時計もなく太陽も見えないダンジョンの奥底では時間感覚も失われている。
腹時計によると半日ほどではないかと予想しているが、正確にはわからない。とはいっても、実はヘイスを使徒に強引に任じた自称土着神という存在に聞けば簡単にわかることなのでヘイスもあまり重要視はしていないが。
それはともかく、一日にも満たない短期間で、鈴木公平が日本では決して体験することのなかった経験を何度も何度もしている。
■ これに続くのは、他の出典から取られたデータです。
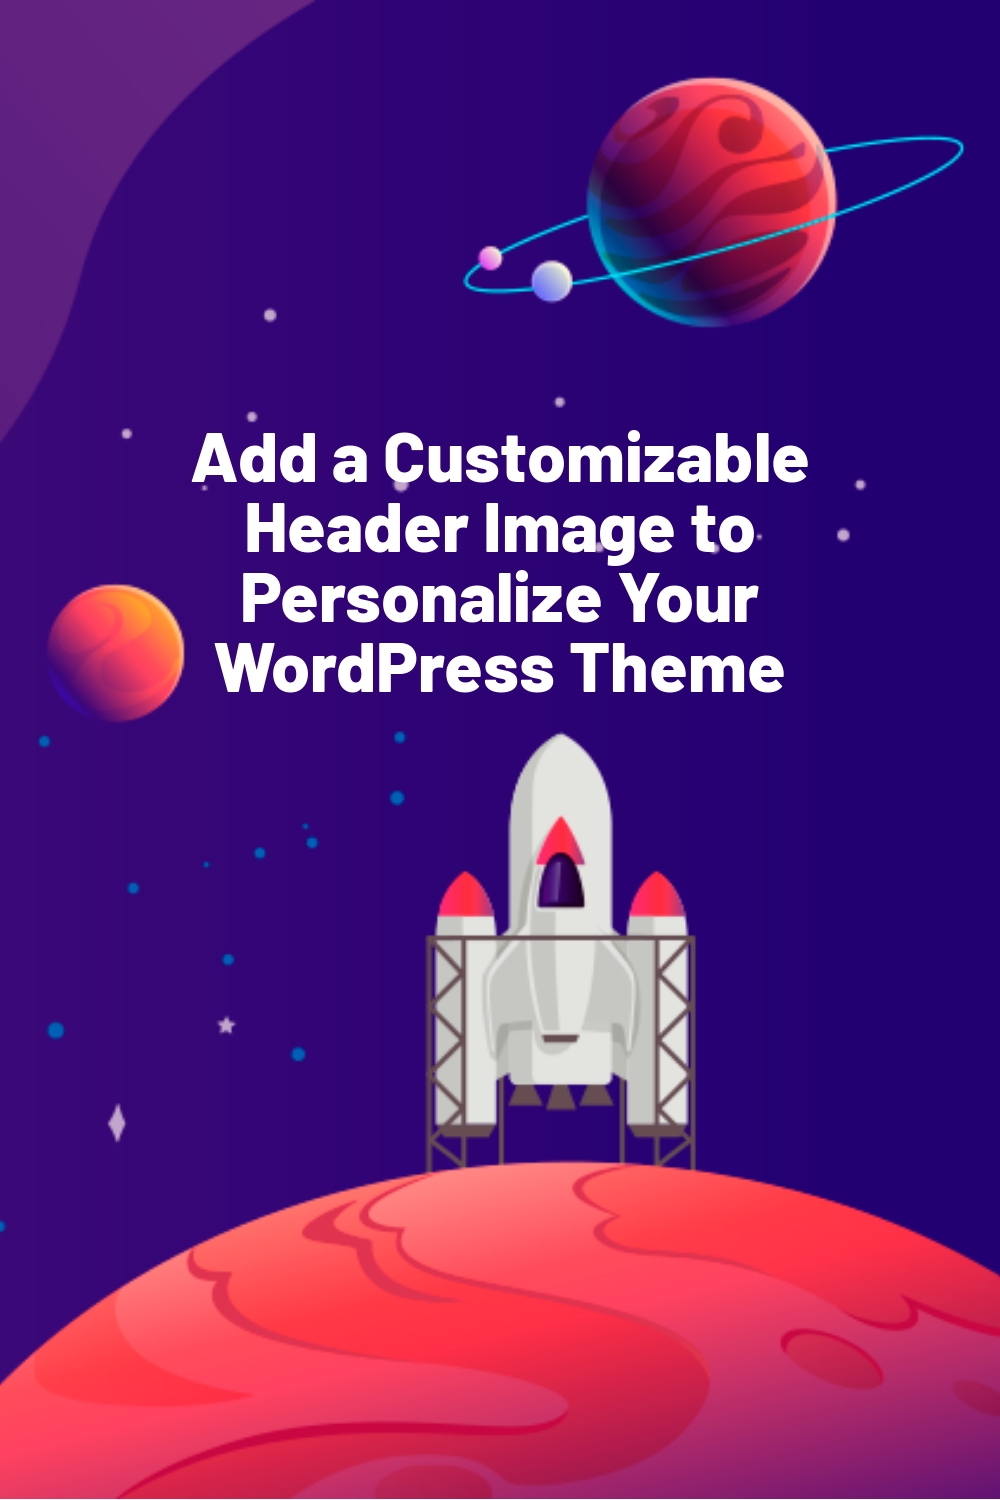 Add a Customizable Header Image to Personalize Your WordPress Theme

そして苦労の末にやっと手に入れた食料を満足するまで食べて、なおかつ今いるのが安全地帯だと認識すれば緊張の糸が切れるのは仕方ないことだ。
アスラ神はそんなヘイスに声を掛けるでもなく静かに見守っている。
そして半日後。
「ん? なんか身体痛い……ここは……暗い……あれっ? ここどこ!?」
『目覚めたか。我が使徒ヘイス・コーズキーよ』
ヘイスが目を覚ましたが、魔法の光は消えていたためもとの真っ暗なままだったので、軽くパニックに陥っていた。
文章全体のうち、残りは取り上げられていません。